Hypothesis Testing – Does Testing for Assumptions Affect Type I Error?

assumptionsbonferronihypothesis testingmultiple-comparisonstype-i-and-ii-errors

I just performed simple simulation. Made two "populations" with different means and the same variance. Since I prepared them I know that they: are normal, differs in location and both have the same scale. Then I wrote simple script in R which 1000 times draws samples from the both populations, test them for normality (Shapiro-Wilk), for equal variances (F) and for difference (t). If the assumptions of t-test are met I run t-test.

Well, in fact I run all of them one by one, but combine the results with logical AND operator. So, if IsNormal(A) AND IsNormal(B) AND VarsAreEqual(A, B) AND MeansAreDifferent(A, B), then I count the result. Finally I divide number of TRUE values and divide it by the number of iterations. So, every test of assumption may fail. Shapiro-Wilk may falsely (they ARE normal) reject H0 as well as F test (they HAVE equal variances). And I don't get values near 0.05!

So, my question is: is this an example of the "multiple testing" phenomena (like multiple comparisons)? If so, what about testing for assumptions? Such testing is crucial as if the assumptions are not met, the quantiles of sampling distribution of a given test may be completely different than expected and so given results may be completely useless. But testing for the assumptions clearly changes the alpha. Am I correct?

Perhaps we should use corrections for alpha, like Bonferroni?

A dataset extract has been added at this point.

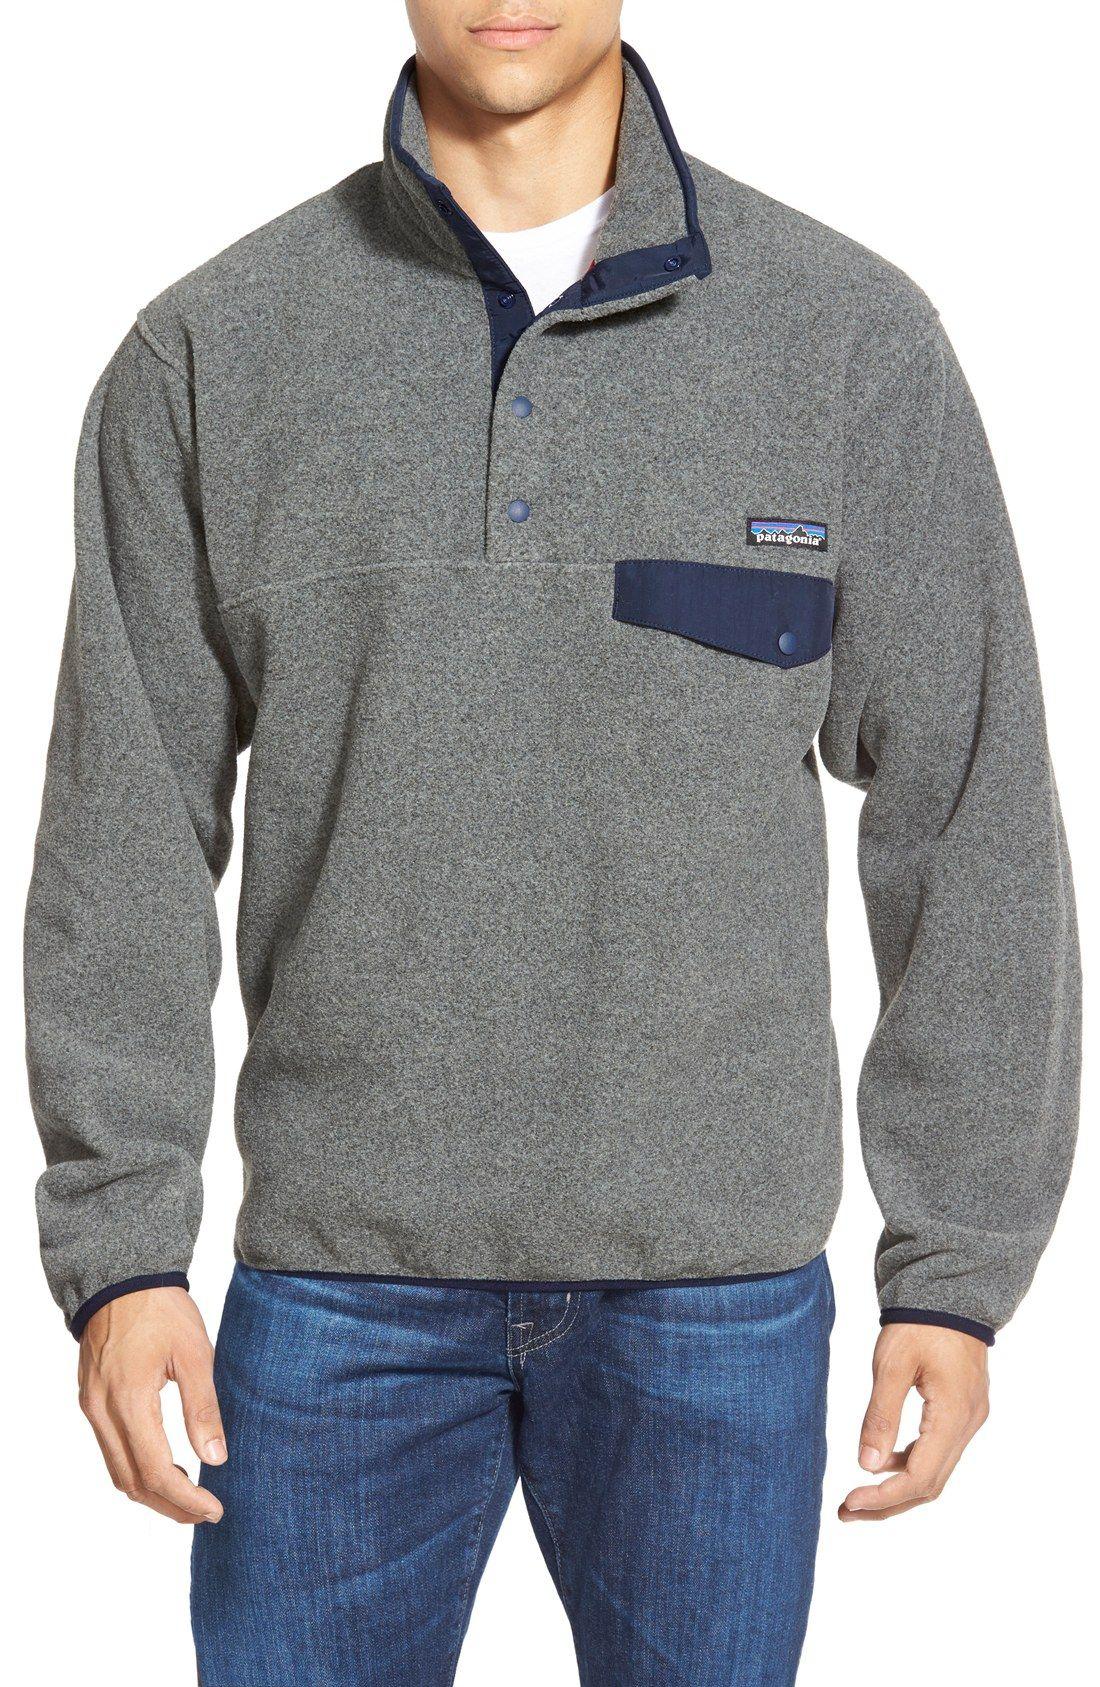 c09ffa7e5fe849 Patagonia  Synchilla® Snap-T  Fleece Pullover

data<- data.frame(populA=rnorm(1000, mean=1), populB=rnorm(1000, mean=3))

iternum <- 1000
alpha   <- 0.05
nsample <- 50
results <- array(FALSE, iternum);

for(i in 1:iternum) {
    sampA <- sample(data$populA, 30);
    sampB <- sample(data$populB, 30);

    result_t <- t.test(sampA, sampB)$p.value;
    result_F <- var.test(sampA, sampB)$p.value;
    result_normA <- shapiro.test(sampA)$p.value;
    result_normB <- shapiro.test(sampB)$p.value;

    results[i] <- (result_normA >= alpha) & (result_normB >= alpha) & 
                  (result_F >= alpha) & (result_t < alpha)
}
> 1-(mean(results))

[1] 0.158

Best Answer

Generally speaking, the answer is yes, both type I and type II error rates are impacted by choosing tests on the basis of tests of assumptions.

This is pretty well established with testing of equality of variance (for which several papers point it out), and testing normality. It should be expected that it will be the case in general.

The advice is usually along the lines of "if you can't make the assumption without testing, better to simply act as if the assumption doesn't hold".

So, for example, if you're trying to decide between the equal-variance and Welch-type t-tests, by default use the Welch test (though under equal sample size it is robust to violations of that assumption).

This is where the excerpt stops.